WHAT YOU NEED TO DO: Transcribe the listing verbatim. Do not carry over any pictures.

(SOURCE MATERIAL)

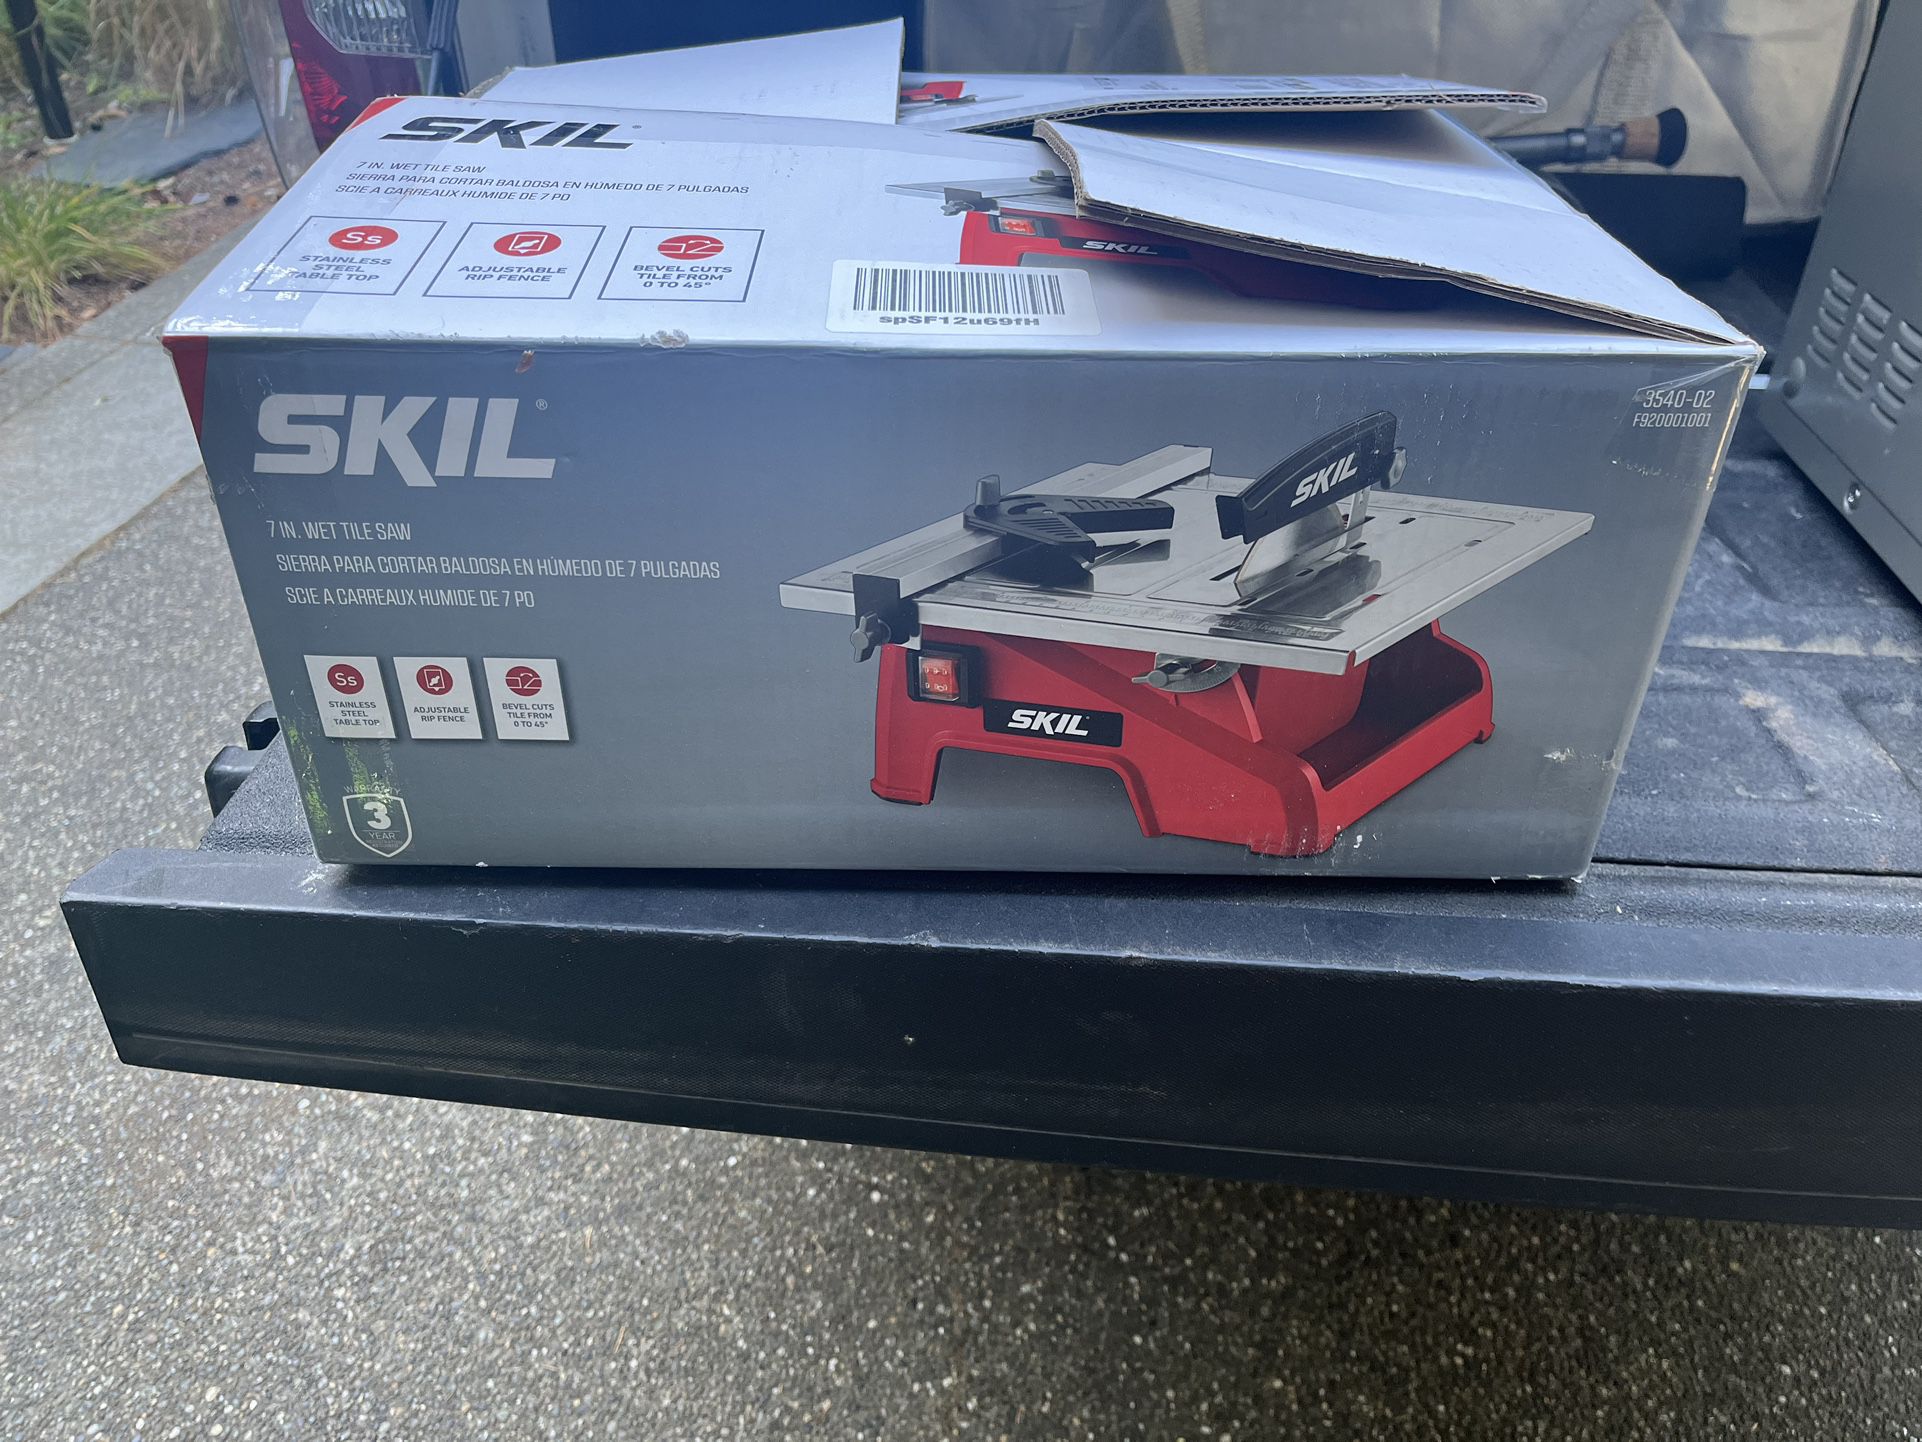 Skil Wet Tile Saw for Sale in Tumwater, WA OfferUp
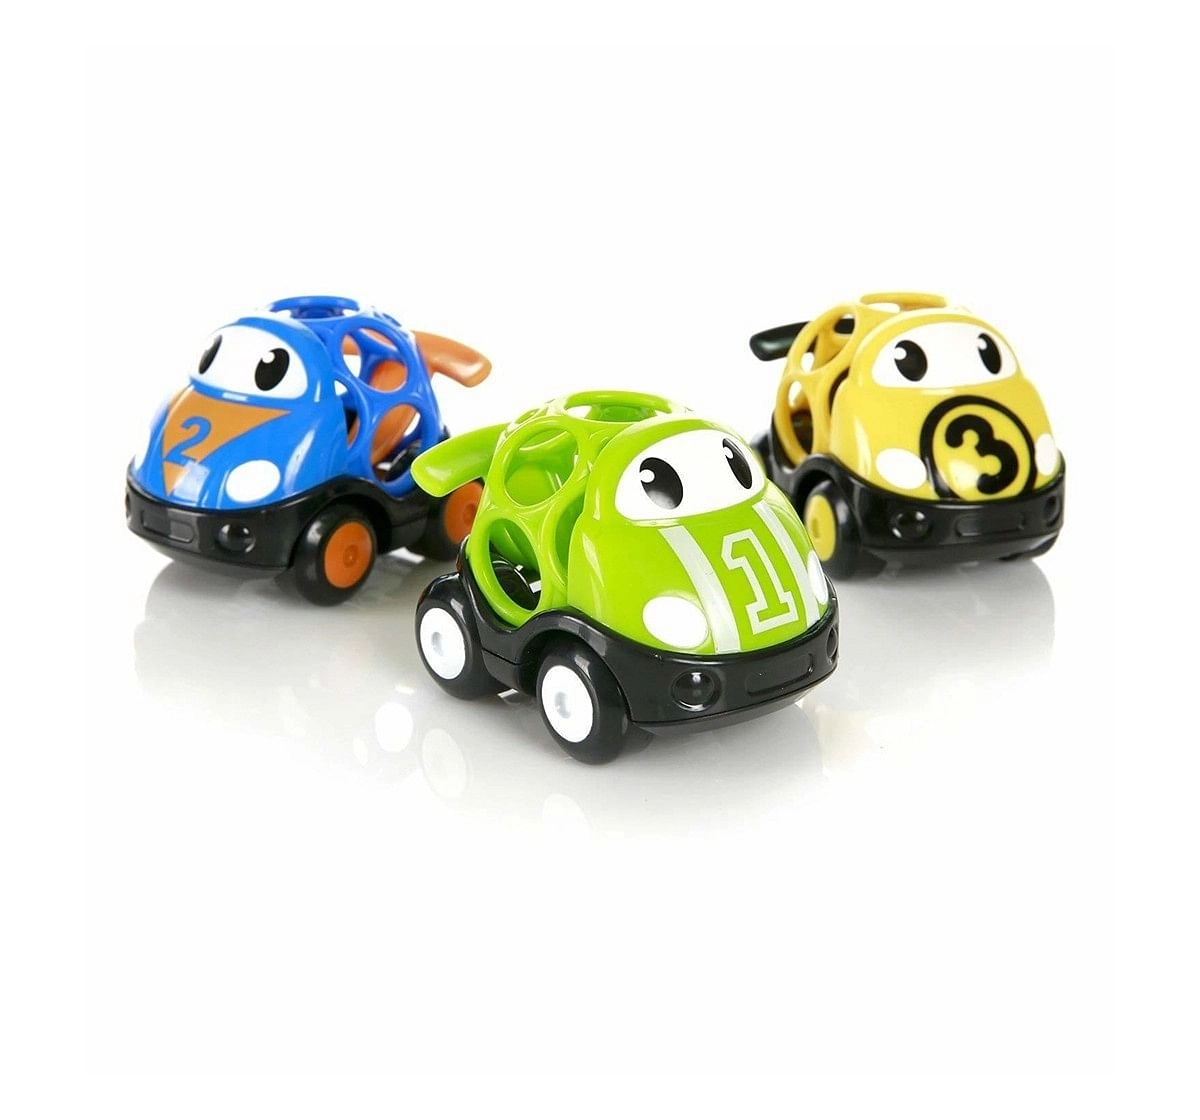 Kids Ii Ob go Grippers Race Car Set Early Learner Toys for Kids age 3Y+ 
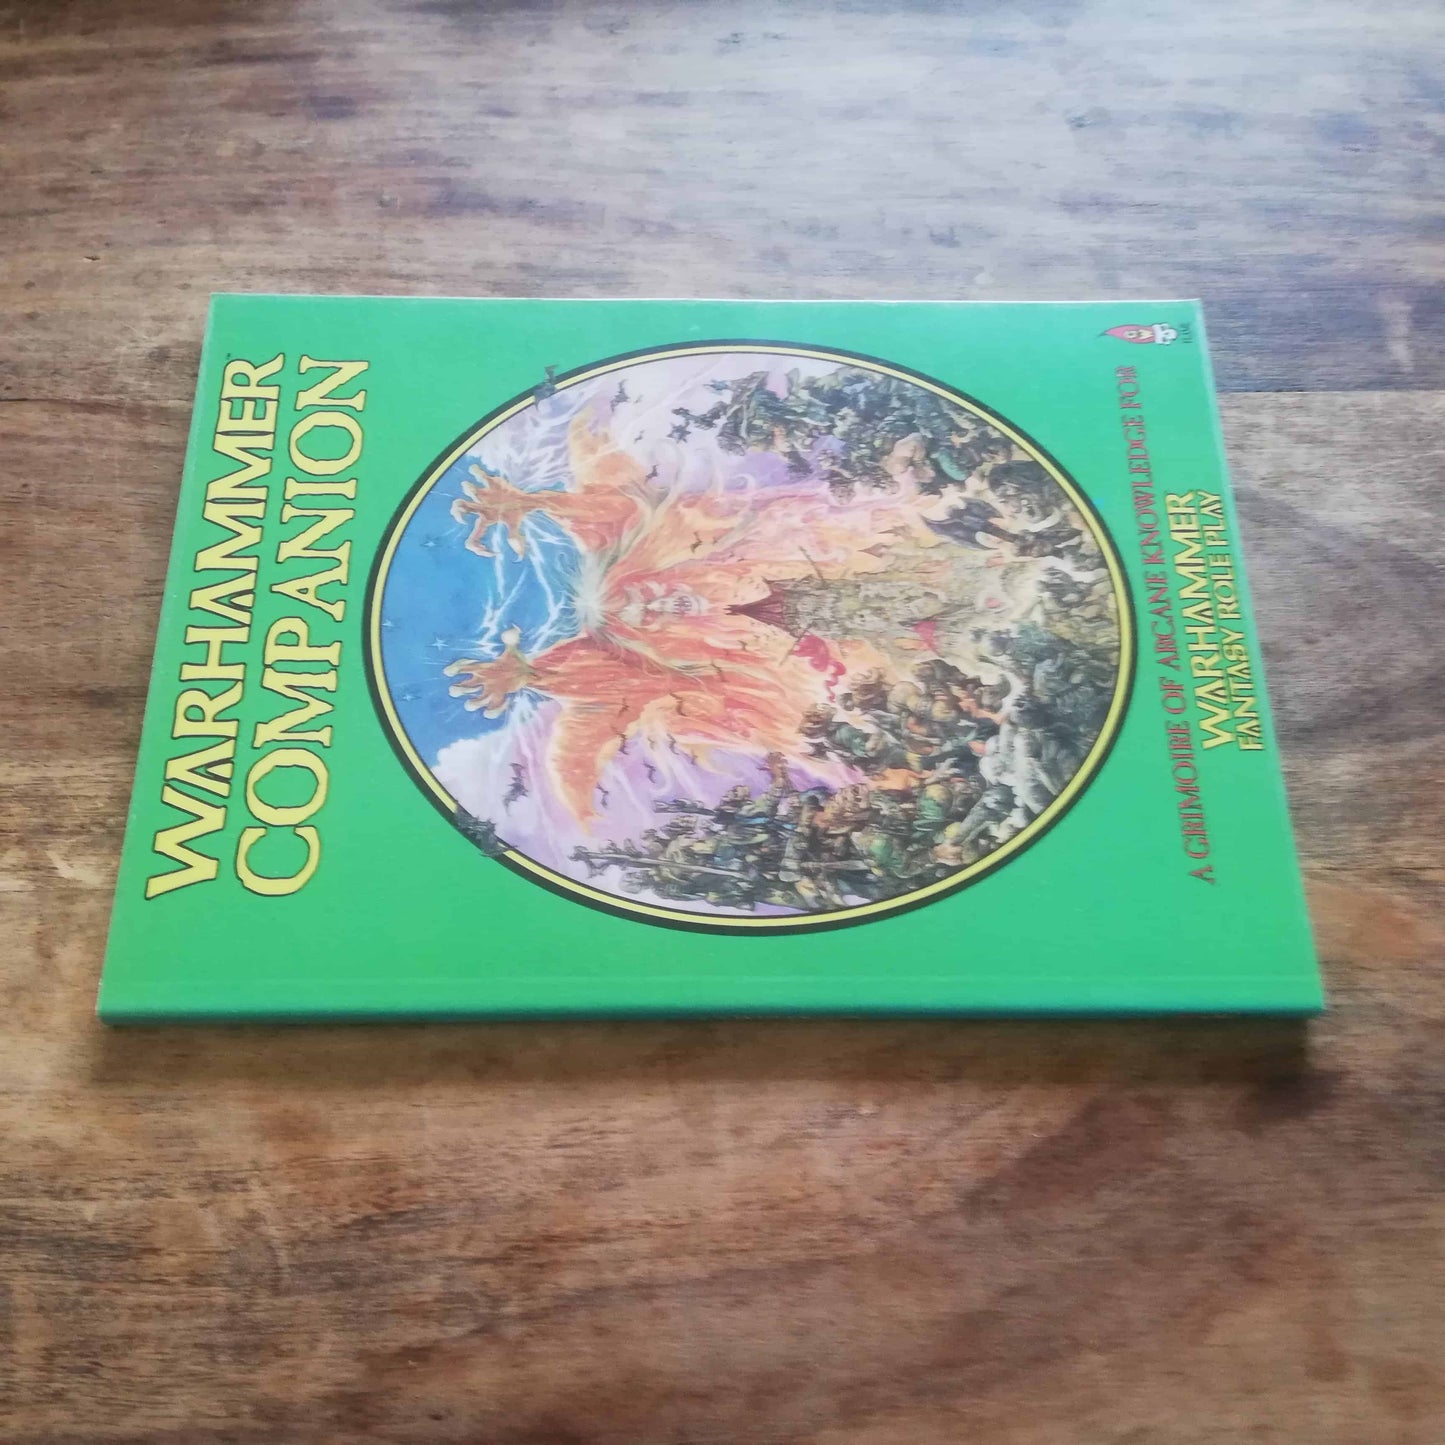 WFRP COMPANION WARHAMMER FANTASY ROLEPLAY GRIMOIRE - 1990 SOURCEBOOK 1ST EDITION - AllRoleplaying.com

(End SOURCE MATERIAL)

RESPONSE:
 Skil Wet Tile Saw for Sale in Tumwater, WA OfferUp
 Kids Ii Ob go Grippers Race Car Set Early Learner Toys for Kids age 3Y+ 
 WFRP COMPANION WARHAMMER FANTASY ROLEPLAY GRIMOIRE - 1990 SOURCEBOOK 1ST EDITION - AllRoleplaying.com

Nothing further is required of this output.